In some ways, The Little Sister brings to mind Dee Rees' Pariah, another queer coming-of-age story set against a tradition-bound domestic backdrop. But while the main character's mother in that movie was an antagonistic figure, Fatima's parents are portrayed as kind, not dogmatic or ostentatiously pious. (Islamic strictures are articulated only late in the film by an imam whom Fatima consults in desperation.) Fatima's mom (Amina Ben Mohamed), especially, is a nurturing presence; her sighing with pride as she affixes her daughter's diploma to the wall is a touching grace note.
She also appears at least outwardly oblivious to the nature of her daughter's struggle — or so we think until a penultimate scene that's like a small exhalation of breath we weren't even aware of holding. That this exchange between Fatima and her mother stops short of being an explicit breakthrough is significant, an acknowledgement that the outcomes of situations like these are often imperfect. The Little Sister is imbued, finally, with a bittersweet acceptance of the limitations of the people, institutions and communities we hold dear.
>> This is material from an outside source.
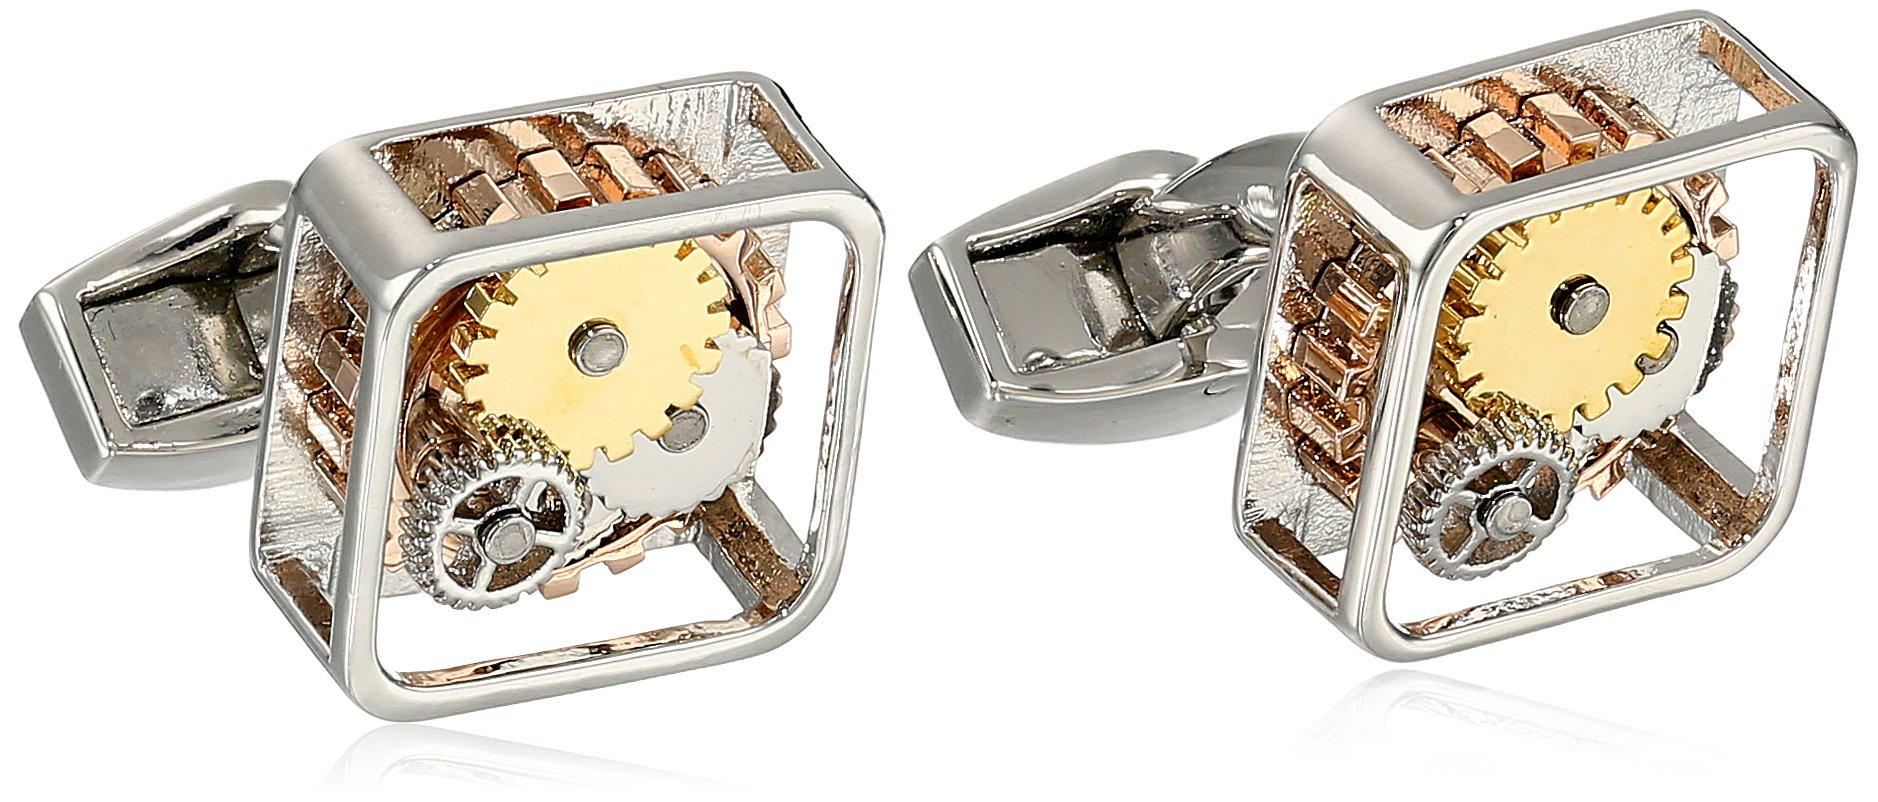 Tateossian Men's ''Mechanical'' Silver Rhodium Plated Gear Square Cufflinks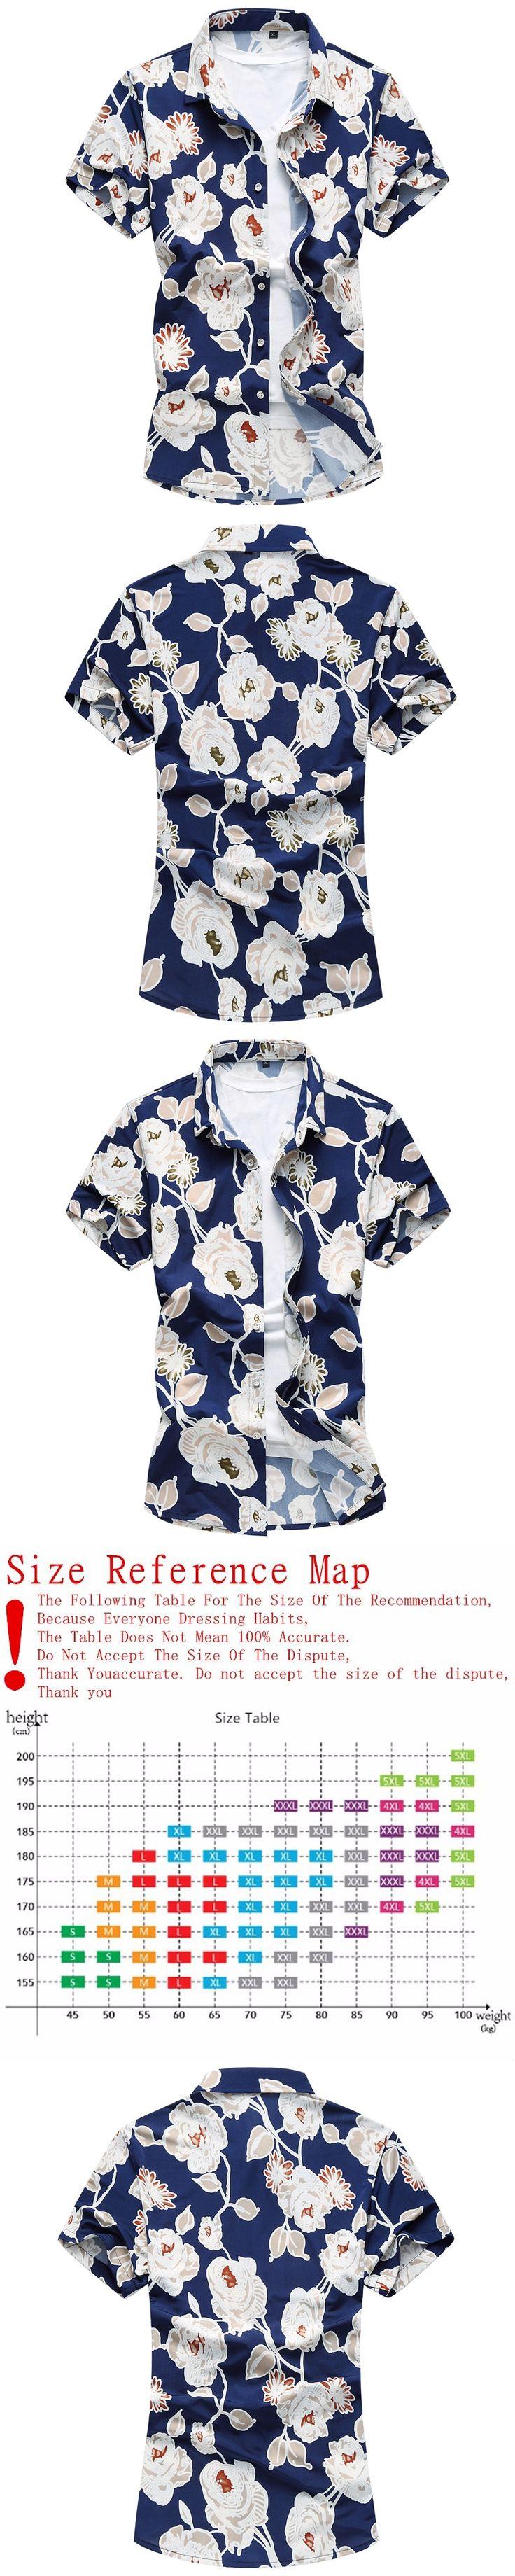 Mens Hawaiian Shirt 2017 Male Casual camisa masculina Printed Beach Shirts Short Sleeve brand clothing Plus size 6XL 007

Herzi's filmmaking is polished and precise, though never fastidious; the movie crackles with loose, lived-in vitality and moment-to-moment authenticity. Working with DP Jérémie Attard, Herzi frames her actors tenderly, making generous use of close-ups without hovering or ogling. Géraldine Mangenot's editing and Amine Bouhafa's lovely score, by tuns churning and contemplative, help give the proceedings an enrapturing ebb and flow.
The film's perfect final shot has a piercing ambiguity. A casual glimpse of Fatima that blossoms with meaning in retrospect, epitomizing her individuality, her tenacity and resolve, it's at once shattering and profoundly hopeful. That it can be felt in such diametrically differing ways at the same time is a testament to the unassuming richness of this wise, altogether wonderful film.